# Forum Home Renovation Plumbing  Washing Machine undersink waste connection

## asc68

Hello 
Hoping to get some advise on whether this setup is a recommended way to connect up my washing machine waste outlet to the undersink Laundry trap. Found this DIY how to at  how to plumb in a washing machine or dishwasher 
Attached is a picture of the connection. Just wondering if the amount of water from my front loader will overwhelm the piping or cause any problems with the washer pump etc. 
Any other issue to take into consideration? 
Thanks in advance!

----------


## cherub65

We were told be fisher and paykel not even to do dishwasher that way, but to have a separate s trap (40 mm) and to have outlet pipe inserted in the open pipe from the s trap.
Apparently  not good for pump.

----------


## wonderplumb

For a washing machine I would be inclined to run a seperate 2" waste with it's own trap.

----------


## Bloss

:What he said: 
Problems can also occur if the tub is full of water and the plug is released while the washer is trying to drain - water, water everywhere. Doubt that connection method would cause a mechanical problem, but water going where you don't want it is inconvenient to say the least. 
The instructions link is from the UK so fittings could be different - for example most traps with spigots here are designed for use on dishwashers and have a flange that the smaller diameter hoes pushes over and is clamped - the one pictured on that link has a compression/ rubber ring type fitting holding in place the spigot which has a taper. 
In this instance, and against all male instincts, reading the 'destructions' and following them makes sense.  :2thumbsup:

----------


## Bedford

> In this instance, and against all male instincts, reading the 'destructions' and following them makes sense.

  Heaven forbid! :Wink:

----------


## GeoffW1

> I never experienced any pump problems, mind you, never had a Fisher and Paykel washing machine.

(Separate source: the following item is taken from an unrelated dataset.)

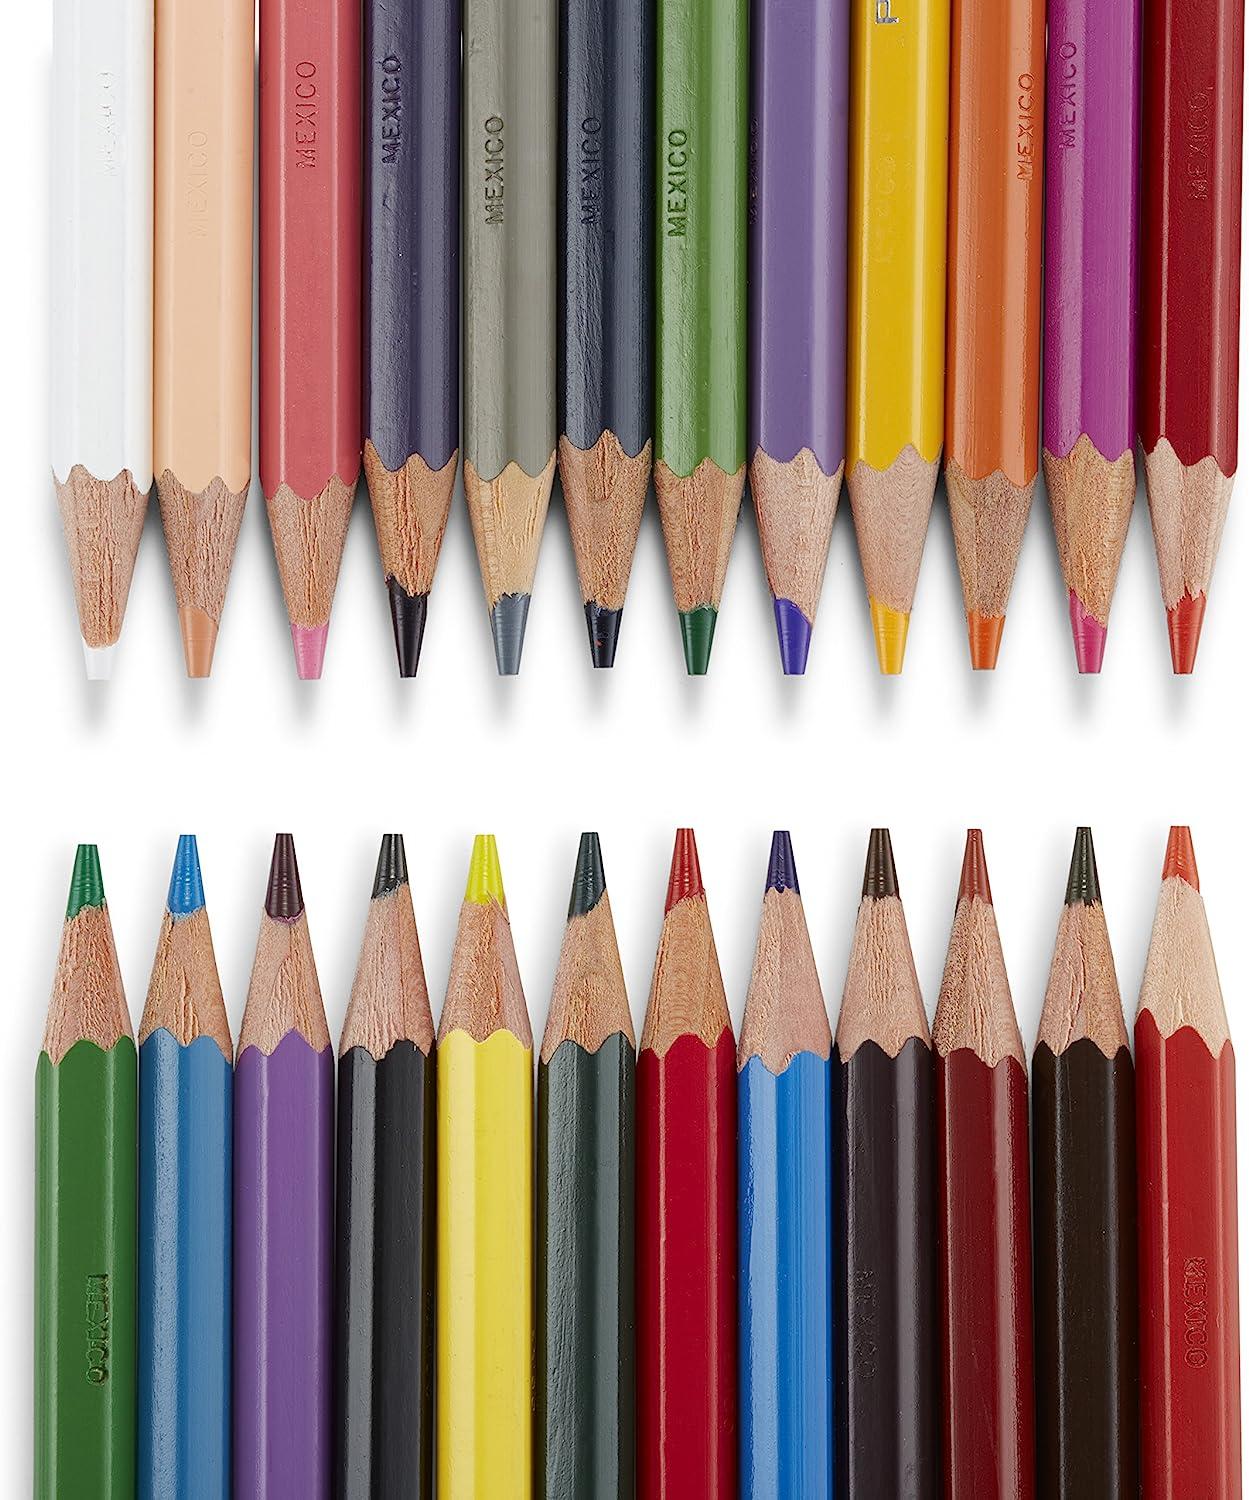 Prismacolor Col-Erase 24 Piece Erasable Pencil Set

   :Hahaha:  :Hahaha:  :Hahaha:

----------


## asc68

Thanks all for the informative replies. I will take the safe route a P trap for the Washing machine waste. Can I just hook my waste hose into an open standing pipe? Should I worry about water spilling out of the standing pipe?
I have attached a pic of my hose and the propose piping plan. Any further advise is much appreciated :2thumbsup:

----------


## wonderplumb

That looks ok, it should simply sit into the pipe without making a mess or falling out.
It hasn't flicked its self off the side of the sink yet has it?

----------


## Jacksin

If there is no trap under the trough why put one in for the machine dishcharge?

----------


## looseless

:2thumbsup: I assume that there is a trap under the trough.  If this is the case, you can just put in a standard trough by-pass pipe (most new troughs come with this) and insert the washing machine discharge hose into the pipe.  You don't need a second trap if there is a trap within 600mm of the the trough.  The trap is only there to prevent the smell of the sewer coming back up through an open pipe. 
If there is no bypass pipe, you can fit the pipe as you have drawn it minus the extra trap. :Biggrin:  
The cricket is starting to look better.  C'mon Aussies, we need the runs.  (Oops, I've got to go to the toilet............) :Doh:

----------


## asc68

Pardon my ignorance but what is a trough?

----------


## Bedford

> Pardon my ignorance but what is a trough?

  The stainless steel sink in post # 9. :Smilie:

----------


## wonderplumb

Laundry tub = trough in the old speak.

----------


## asc68

Ah i see trough = laundry tub.  :Redface: . 
There will be a trap under the rub. From Iooseless' response, I presume now I'd just need a 40mm diameter standing pipe and directly feed into the tub's P-trap? via a T-connection? The Washing Machine is just next to the tub.  
Is there a minimum length of standing pipe I should have before feeding into the p-trap under the trough? Should I be concern about the volume of water overflowing into the tub or standing pipe if too short? 
Thanks!

----------


## Bloss

> Laundry tub = trough in the old speak.

   :What he said:  - used to be concrete 'twin (or double) troughs' cast in steel molds with galvanised iron rims - coincidentally much sought after by farmers to use as troughs (for horses!).  :Smilie:  Like this one: http://i171.photobucket.com/albums/u...s/100_1759.jpg 
Often with a wringer sitting on the centre divider.

----------


## up_the_gully

Mate had a dishwasher connected like the first picture shows.  No clamp, just drilled into the side of the pipe before the P-trap then siliconed in.  Done by Miele plumber when purchased.  It spat the dummy under pressure and came out (suprise suprise).  Caused a fair bit of water damage. 
You can buy P-traps with a small intake for such things and put them in, our house has one of these for the dishwasher under the sink.  Still, it only have a finger clamp around the hose, i'd much prefer a hose clamp with grub screw. 
The weakest link in the system will always go first  :Smilie:

----------


## looseless

:brava: Forsooth, I must be getting old.......fancy calling it a trough.  Sorry about that.  
At least Australia pulled off an unlikely victory in the cricket.  I nearly feel sorry for that Pakistani wicketkeeper........my grandma could catch better than him.  I do feel sorry for their fast bowler........AS IF........  :Doh:  (Sorry about that,  couldn't resist.

----------